TRIBUNAL DE JUSTIÇA DO ESTADO DO PIAUÍ
ÓRGÃO JULGADOR : 1ª Turma Recursal
RECURSO INOMINADO CÍVEL (460) No 0013908-85.2019.8.18.0001
RECORRENTE: DANIEL BENTO DE OLIVEIRA NASCIMENTO
RECORRIDO: CARLA DANIELE DA SILVA
Advogado(s) do reclamante: CARLA SAMARA MARTINS FERNANDES
RELATOR(A): 2ª Cadeira da 1ª Turma Recursal
EMENTA
RECURSO INOMINADO. AÇÃO DE REINTEGRAÇÃO DE POSSE DE IMÓVEL. REQUISITOS DO ART. 561 DO CPC. PROVA DO AUTOR. REQUISITOS COMPROVADOS. ESBULHO. ILEGITIMIDADE PASSIVA. NEGADA. PROCEDÊNCIA MANTIDA. RECURSO CONHECIDO E IMPROVIDO.
RELATÓRIO
Trata-se de AÇÃO DE REINTEGRAÇÃO DE POSSE DE IMÓVEL proposta por CARLA DANIELE DA SILVA em face de DANIEL BENTO DE OLIVEIRA NASCIMENTO, em que afirma o requerente ser o possuidor do imóvel em questão, que consiste no imóvel localizado na quadra 17, casa 33, Parque Brasil I, Teresina-PI, área da qual teve a sua posse esbulhada.

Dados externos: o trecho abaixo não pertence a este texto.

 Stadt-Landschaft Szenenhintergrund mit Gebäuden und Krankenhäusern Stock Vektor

Visa o recurso a reforma da sentença que julgou procedente o pedido:
Ante o exposto, nos termos do Art. 487, inciso I, do Código de Processo Civil, JULGO PROCEDENTE o pedido formulado na inicial para determinar a reintegração da autora na posse do imóvel mencionado na inicial: quadra 17, casa 33, Parque Brasil I, Teresina-PI.
Sem custas.
Razões do Recurso, sustentando em suma: preliminar de ilegitimidade passiva; da posse; da restituição do valor pago. Por fim, requer a reforma da sentença para julgar improcedente o pedido inicial.
Contrarrazões da parte recorrida apresentadas refutando as alegações do recorrente e pugnando pela manutenção da sentença.
É o relatório.
VOTO
Presentes os pressupostos de admissibilidade, conheço do recurso.

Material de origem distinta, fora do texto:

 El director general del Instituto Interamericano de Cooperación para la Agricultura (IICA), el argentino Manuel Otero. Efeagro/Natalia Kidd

Quanto à preliminar de ilegitimidade passiva não assiste razão ao recorrente, uma vez que o ato de posse e de esbulho foram praticados pelo Recorrente, desta forma, afasto a preliminar de legitimidade passiva.
Assim, entendo que a sentença já se manifestou sobre as razões do recurso e merece ser confirmada por seus próprios e jurídicos fundamentos, o que se faz na forma do disposto no artigo 46 da Lei nº 9.099/95, com os acréscimos constantes da ementa que integra este acórdão.

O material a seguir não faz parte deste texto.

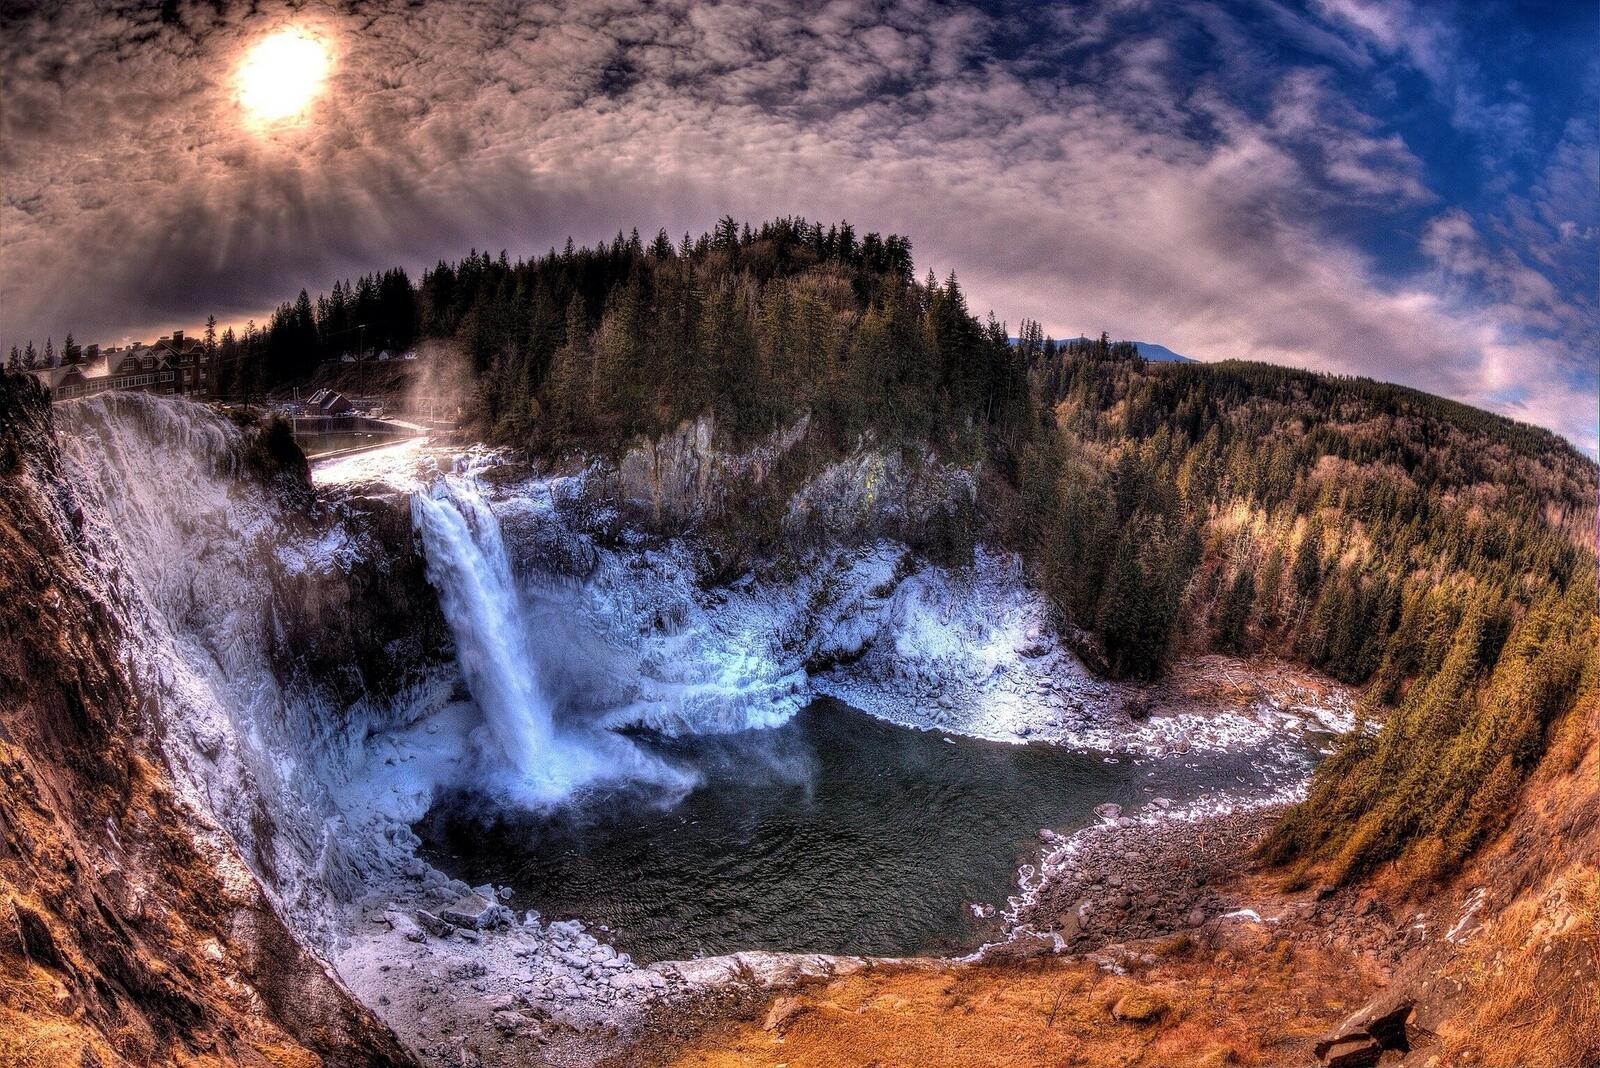 免费照片晴朗天气下的神奇斯诺科米瀑布

Art. 46. O julgamento em segunda instância constará apenas da ata, com a indicação suficiente do processo, fundamentação sucinta e parte dispositiva. Se a sentença for confirmada pelos próprios fundamentos, a súmula do julgamento servirá de acórdão.
Diante do exposto, conheço do recurso, mas para negar-lhe provimento, mantendo-se a sentença a quo em todos os seus termos.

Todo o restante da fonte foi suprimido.